食べられそうなキノコもあったけれど、図鑑も持ってきていないので、キャンプ中に危険は冒せない。
写真に撮るだけで我慢する。

オンネトー
食べられそうに見えるけれど


何故かここのキャンプ場に泊まると、懐かしい人に会うことになる。
前回泊まったのは18年も前。
その時は、近くの現場で仕事をしていた高校の同級生と十数年ぶりに再開。
今回会ったのは元職場の同僚。
何度か一緒にキャンプをしたことがあるけれど、それはもう30年以上前である。
職場の同僚とは言っても、部署が違えば殆ど顔を合わせることも無いので本当に久しぶりだった。
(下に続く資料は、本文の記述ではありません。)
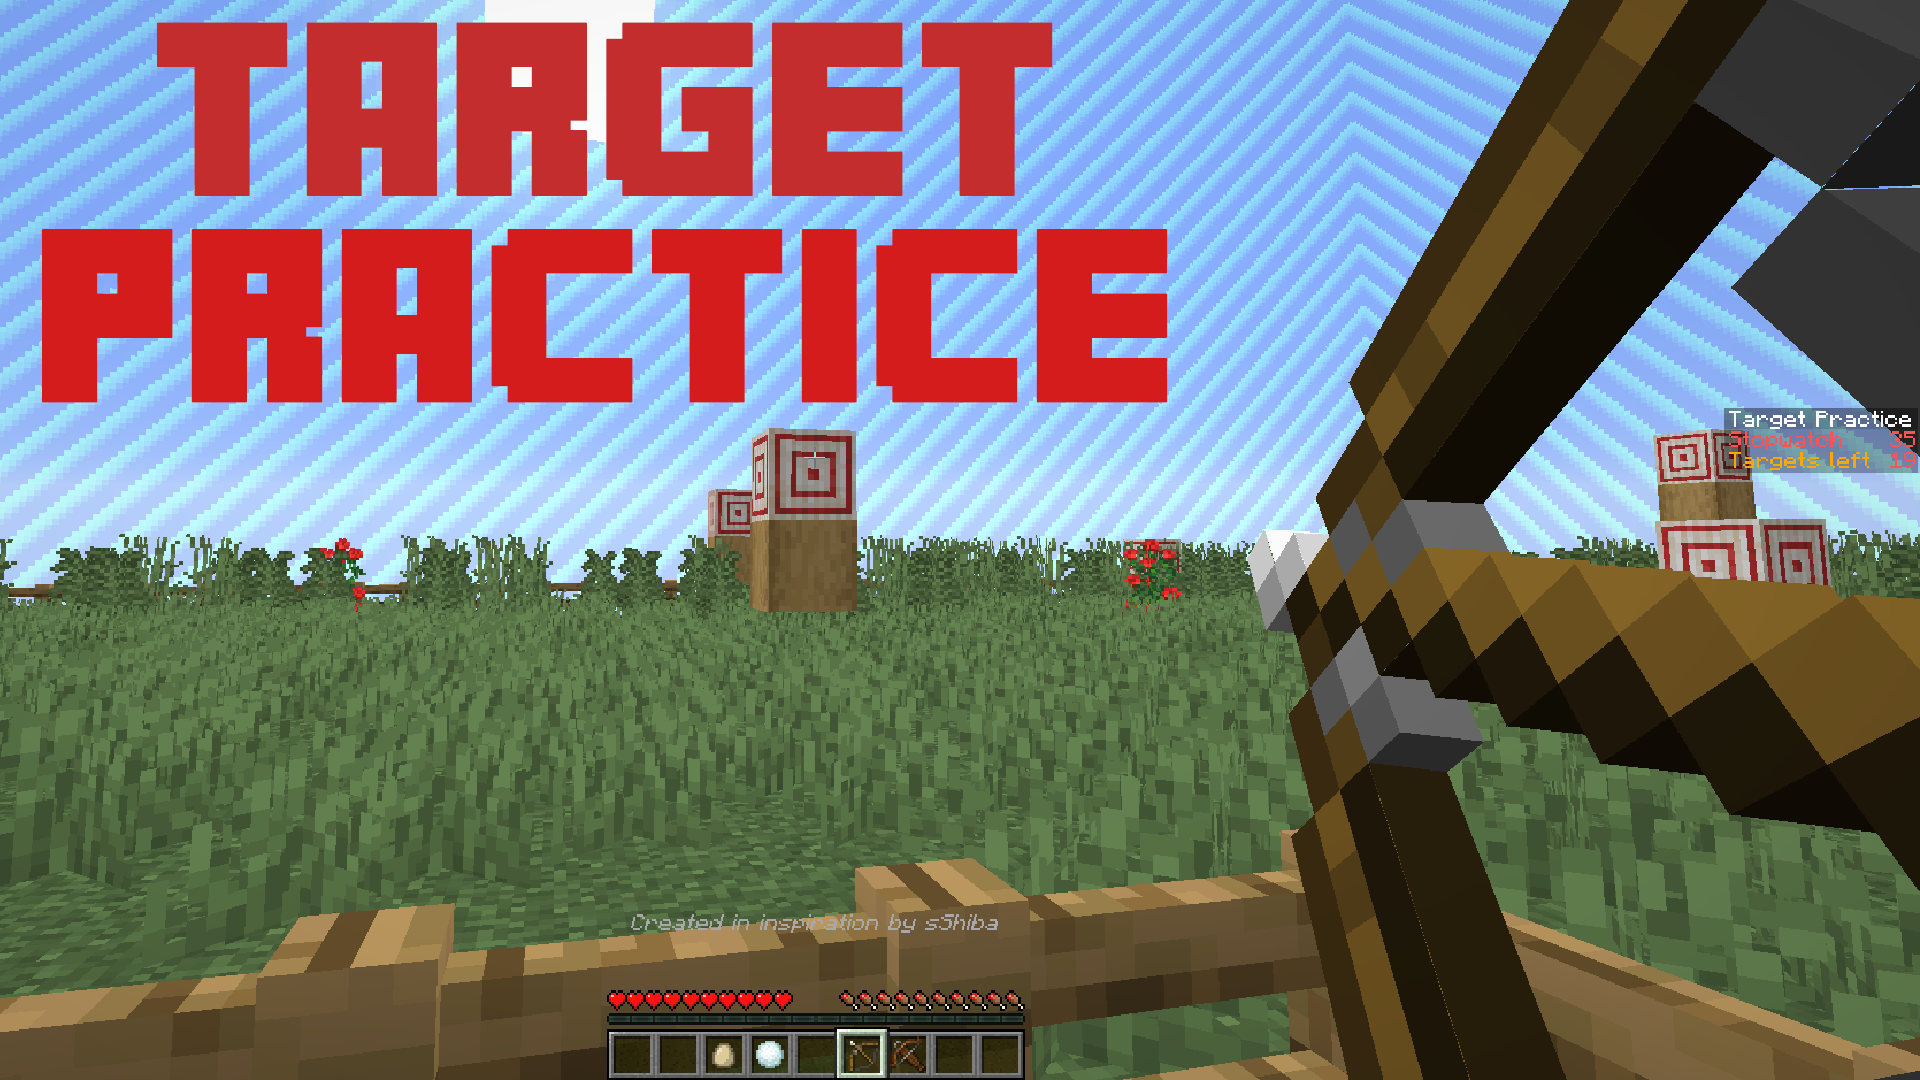 Descarca Target Practice pentru Minecraft 1.16

拾い集めた薪は結構湿っていて、太い薪にはキノコまで生えている。
それでも一度火がつけば、湿った薪も乾かしながら燃やせるし、家から持参した乾いた薪も役に立ってくれる。

オンネトー野営場
焚き火でお湯を沸かせるだけで嬉しい


炉の上に鉄の棒を渡してお湯も沸かせる。
これならばダッチオーブン料理も作りやすそうだ。
焚き火を利用して料理を作ると、焚き火の楽しさが倍になる。

大量の熾きが溜まってくると焚き火の炎を安定する。
深い静かな森の中でチロチロと燃える炎を見つめているのは最高の時間である。

オンネトー野営場
焚き火の時間



木々の梢越しに星が瞬くのが見えたので、湖畔まで行ってみる。
今年は然別湖で見た星空が一番だったけれど、ここはそれを凌ぐほどの星空だった。
私がそう言うと、かみさんの感想は「湖面に星が映っていた然別湖の方が良かったわ」とのこと。
確かに、空の低いところに雲がかかっていて、湖面の広がりもないため、その点だけは然別湖の方が勝っていそうだ。

オンネトー野営場
オンネトーの星空


翌朝、私が目覚めると、既にかみさんが一人で焚き火を燃やしていた。
森の中に焚き火の煙が立ち上る。
気温は、覚悟していたほどには下がらなかった。
それでも凛と冷えた空気の中、焚き火に当たりながら飲むコーヒーは極上の味である。

オンネトー野営場
朝の焚き火


今日の予定は、カヌークラブの40周年記念パーティーが行われる日高のラフティング会社HOAへ向かうだけ。
時間はたっぷりとあるので、朝食を済ませてからオンネトーの周りを一回りしてみることにした。

オンネトー
苔生した倒木が良い雰囲気


キャンプ場から湖の東側に遊歩道が延びている。
美しい色付いた木々、苔むした岩や倒木、なかなか楽しい道である。
ただ、今日は空に雲が広がり、風があるので湖面にもさざ波が立っているのが残念だった。

オンネトー
この辺りでは温泉水が流れ込んでいるみたいだ


1.5キロほど歩くと、車道へと出てくる。
今日は土曜日だけあって観光客の姿も多く、大型バスでやってくる団体さんもいた。
雌阿寒岳の山頂は雲に隠れてしまって、昨日の風景と比べるとちょっと気の毒に思えてしまう。
雲の薄いところから日も射してきているけれど、雌阿寒岳を覆っている雲からは今にも雨が降ってきそうである。

オンネトー
雌阿寒岳を隠す雲から雨が落ちてきそうで焦った


撤収前にテントが濡れては堪らないので、車道を急ぎ足で歩いてキャンプ場まで戻ってきた。
一周およそ3.5キロで1時間もあれば歩けてしまう。
天気が良ければおすすめの散歩コースである。

夜露に濡れたテントもほぼ乾いて気持ちよく撤収。
野中温泉で一風呂浴びて、オンネトーを後にした。
今日の目的地はカヌークラブ創立40周年記念式典が行われるHOAである。